Who are you writing for? The live audience in the auditorium? Or the audience at home?
You’re playing to the auditorium because they’re the ones who are giving the immediate reaction that the home audience will hear. You’re always playing to both of them, really, but I think what you want most is a reaction from the live audience, clearly.

The problem is that the vibe in the room changes as the night progresses. As the night gets longer, there are more and more audience members who have not won an award. Their high hopes have disappeared. For every winner, there are at least four or five who won’t win. It gets chilly. The audience is not really paying attention. At this point, you’re getting down to the big awards; its been a long day. The audience would like to get out of there and start drinking—those who aren’t already potted, that is. So, by the end, the audience is not really paying close attention. Also, there are a hefty amount of seat fillers, because have children, have to relieve the babysitters, they get bored, they just leave. Say, for an example, there are ten supporting actor nominees and those categories are given early. Those ten faces will be gone, generally, by the middle to the end of the show. And they’ll be replaced by secretaries from Paramount who might not be too keen to laugh.

Were you responsible for some of the jokes that bombed the night Letterman hosted, such as the Uma/Oprah joke?
No. The Uma/Oprah joke was written by Rob Burnett [executive producer,Late Show With David Letterman], who lethally takes credit for it. Just lethal. I told Rob not to do it. I thought it was a bad idea to have David Letterman from New York TV making fun of these huge stars from Hollywood. Hosts are vital to the show’s tone. It’s a very specific role that the host plays. You have to bring your personality, but you have to do it in a clever way so it doesn’t feel like a retread of what you do at your other job. I think that’s what happened with Letterman. The comedy didn’t translate well. It takes a very specific type of performer to do well at the Oscars. Ellen DeGeneres [in 2007] had a different approach, and I don’t think it worked. She was very daytime. There wasn’t a sense of occasion. She was scared, I think, and wasn’t willing to go the extra mile. James Franco [in 2010] didn’t work out well at all. He was really out of his comfort zone. He’s not a live stage performer. It’s better if the hosts are comedians. They have to have a bit of an attitude. It’s easier for us writers to find words that suit a comedian’s attitude. Actors tend to act. It’s tough for them to play themselves, to have a persona. You’ll never see Johnny Depp performing An Evening With Johnny Depp.

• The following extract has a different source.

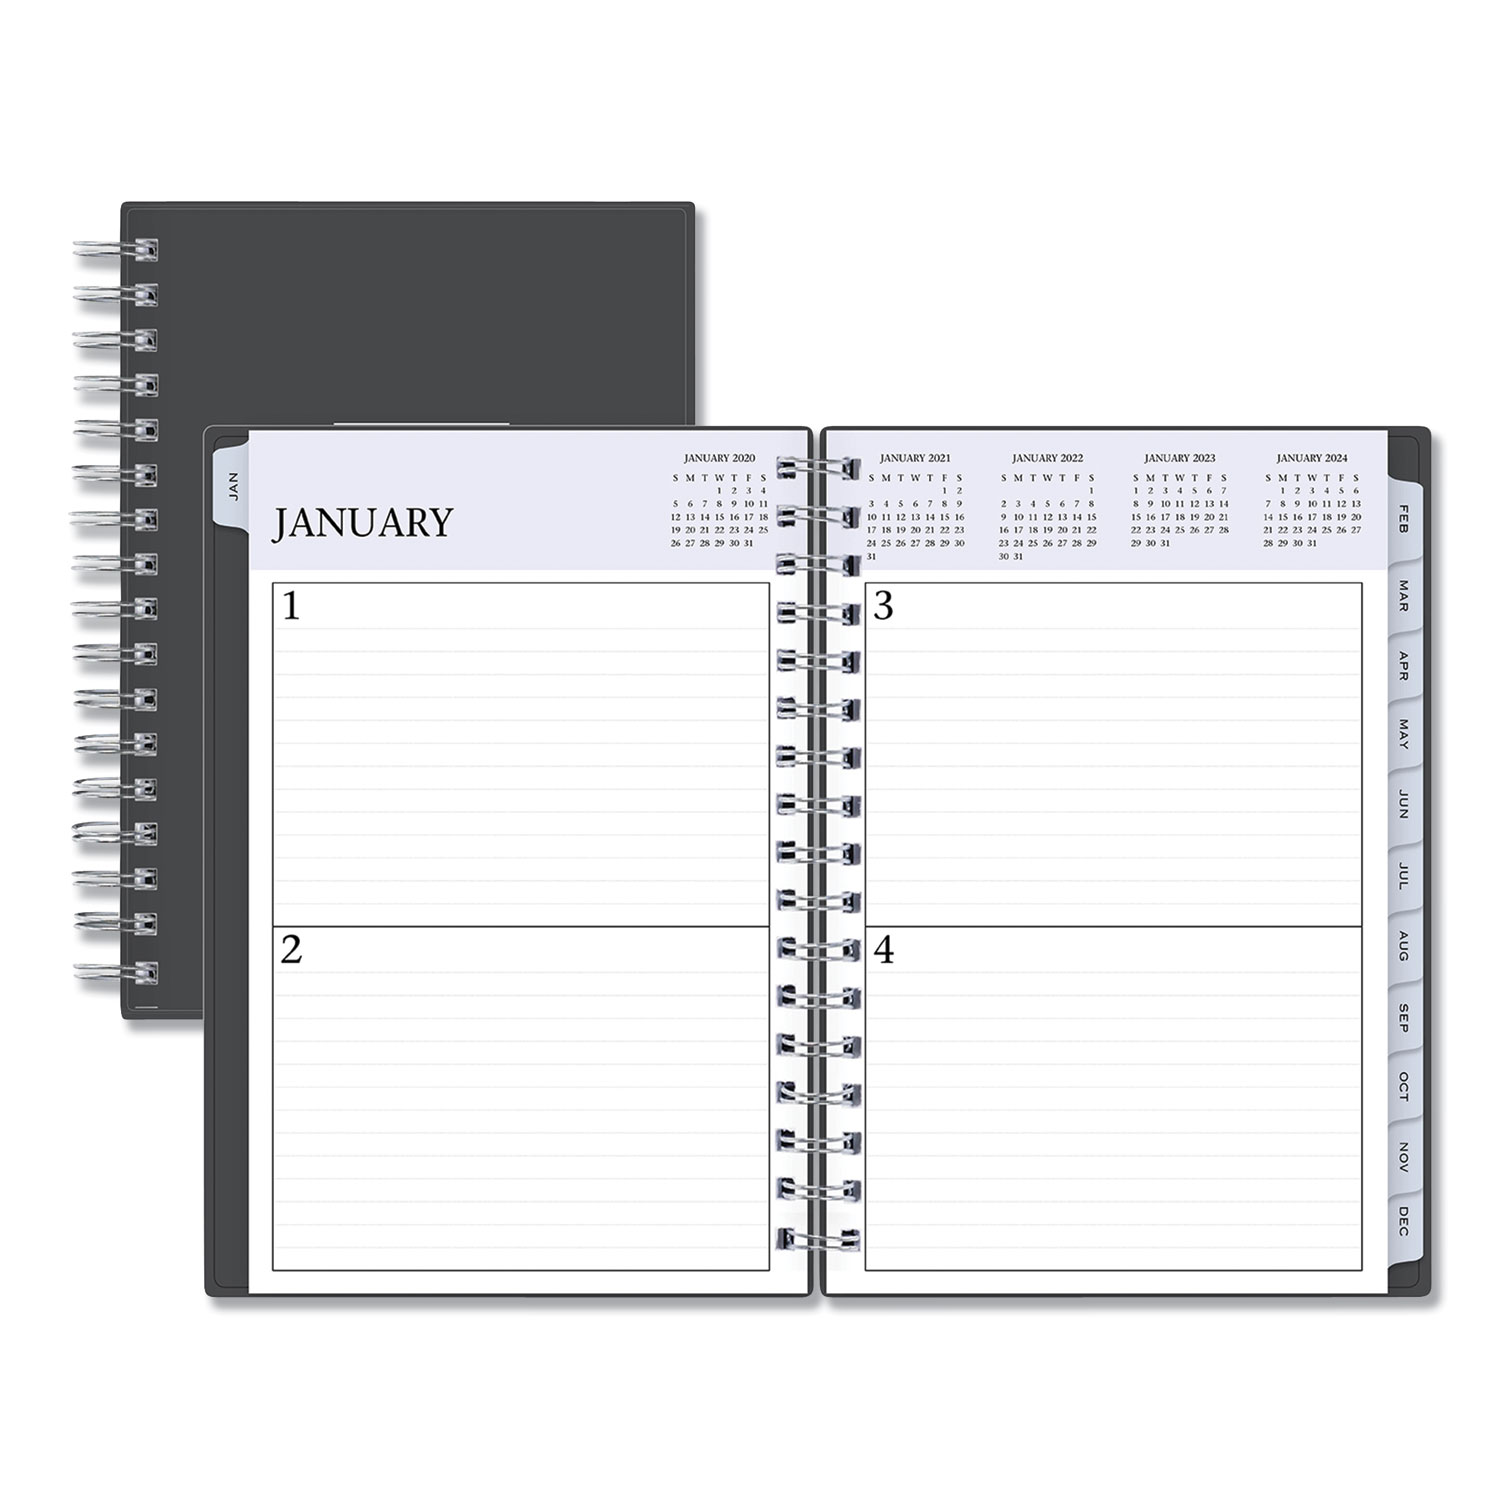  Blue Sky 113565 Passages Non-Dated Perpetual Daily Planner, 8 1/2 x 5 1/2, Black Cover,2020-2025 (BLS113565)

What’s it like to write for celebrities presenting awards, many of whom are not used to performing comedy before a live audience?
It’s tough. It’s constantly a negotiation of some sort. Each of these celebrities has a flotilla of assistants who are advising them or what to say and not to say. A lot show up with their own writers, depending on who they are. And it’s hard for me to bitch about that. That kind of goes with the territory. So that doesn’t surprise me. What does surprise me is when you get people who don’t do this kind of performing for a living and they go into a major panic and every single word has to be edited by everybody. By their hairdressers, their yoga instructor, their publicist, their pet psychiatrist. Everybody’s got an opinion. And all of those people who are supposedly helping are really enemies of comedy, because they don’t want anybody to get into trouble. You can’t be funny by saying, “I’m not going to get anybody into trouble.” You know, that’s the risk you run. Read Freud on jokes and tell me that you’re not ever going to get anybody into trouble.